Post by : Saif Nasser
Colon cancer ranks among the leading health issues globally. The World Health Organization reported that in 2022, over 1.9 million individuals were diagnosed with colon or colorectal cancer. Projections state that by 2040, this figure could rise to approximately 3.2 million cases annually, emphasizing the need for heightened awareness, routine screenings, and promoting healthier lifestyle choices.
While many are aware of the digestive benefits of fiber, NHS surgeon Dr. Karan Rajan has pointed out the crucial role calcium plays in colon health. Typically associated with bone strength, recent findings suggest that calcium significantly contributes to lowering the risk of colon cancer.
Dr. Rajan noted that consuming around 300 milligrams of calcium daily through food may reduce colon cancer risk by approximately 17 percent. This insight is based on a study published in January 2025 in the journal Nature Communications, which observed over half a million women over 16 years. The extensive duration and participant count lend robust credibility to the results, indicating that calcium's protective effect holds firm across various factors, including age, body weight, smoking, activity levels, and family medical history.

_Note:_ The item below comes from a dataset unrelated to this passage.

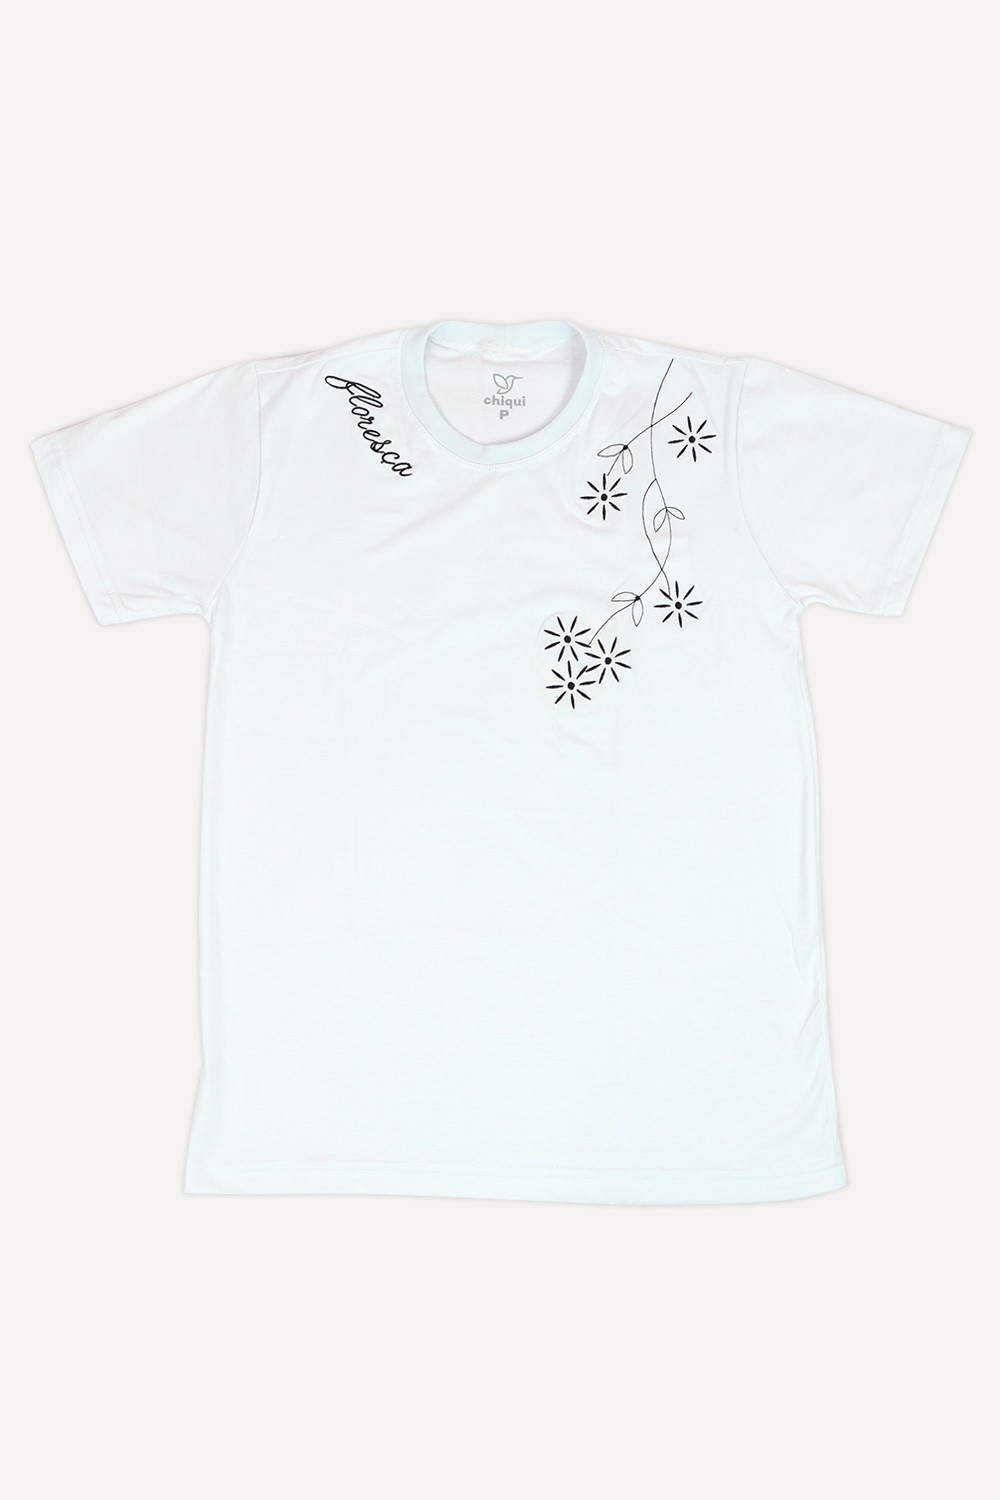 T-Shirt Chiqui Floresça Branco MD06

Research shows that calcium serves more purposes than merely bolstering bone density. Inside the human body, it binds with bile acids released during digestion. This process transforms those acids into harmless substances, safeguarding the colon’s inner lining from damage and irritation. A healthy lining significantly lowers the probability of abnormal cell alterations, which is vital since such changes can pave the way for cancer development.
According to Dr. Rajan, achieving 300 milligrams of calcium does not necessitate rare or pricey foods. A standard glass of milk provides this requirement, as does a bowl of plain yogurt. Two tablespoons of chia seeds yield nearly 200 milligrams, while a cup of cooked leafy greens like collard greens offers substantial amounts as well. Incorporating these simple items into daily meals can easily meet calcium needs.
For those who avoid dairy, effective calcium sources are also available in plant-based foods. The study confirms that both dairy and plant-derived calcium deliver equivalent protective benefits, a crucial insight for those who favor plant-based diets for health, ethical, or personal reasons.
Dr. Rajan highlighted that calcium obtained from whole foods is superior to that from supplements. His findings suggest that calcium supplements only reduce colon cancer risk by about 9 percent, while food-derived calcium achieves a remarkable 17 percent reduction. This difference can be attributed to the synergistic benefits provided by other nutrients found in whole foods that supplements cannot replicate.
Furthermore, pairing calcium-rich foods with fiber enhances their protective effects. Fiber promotes optimal digestion and fosters a healthy gut atmosphere, while calcium ensures the colon's lining remains intact. Together, they provide dual defense against cancer risk.
Simple daily habits can significantly impact health. Incorporating a glass of milk at breakfast, adding yogurt at lunch, preparing leafy greens for dinner, or sprinkling chia seeds on snacks can all contribute to long-term health without major effort or expense.
Colon cancer typically develops gradually and may show no symptoms in its initial phases, making preventive measures essential. Regular screenings are advised after the age of 45, alongside lifestyle adjustments such as avoiding tobacco, moderating alcohol intake, exercising routinely, maintaining a healthy weight, and adhering to a balanced diet.
This guidance aims to empower individuals to make informed dietary choices but is not a substitute for professional medical advice. Those with health concerns should seek consultations with healthcare providers, as health needs vary from person to person.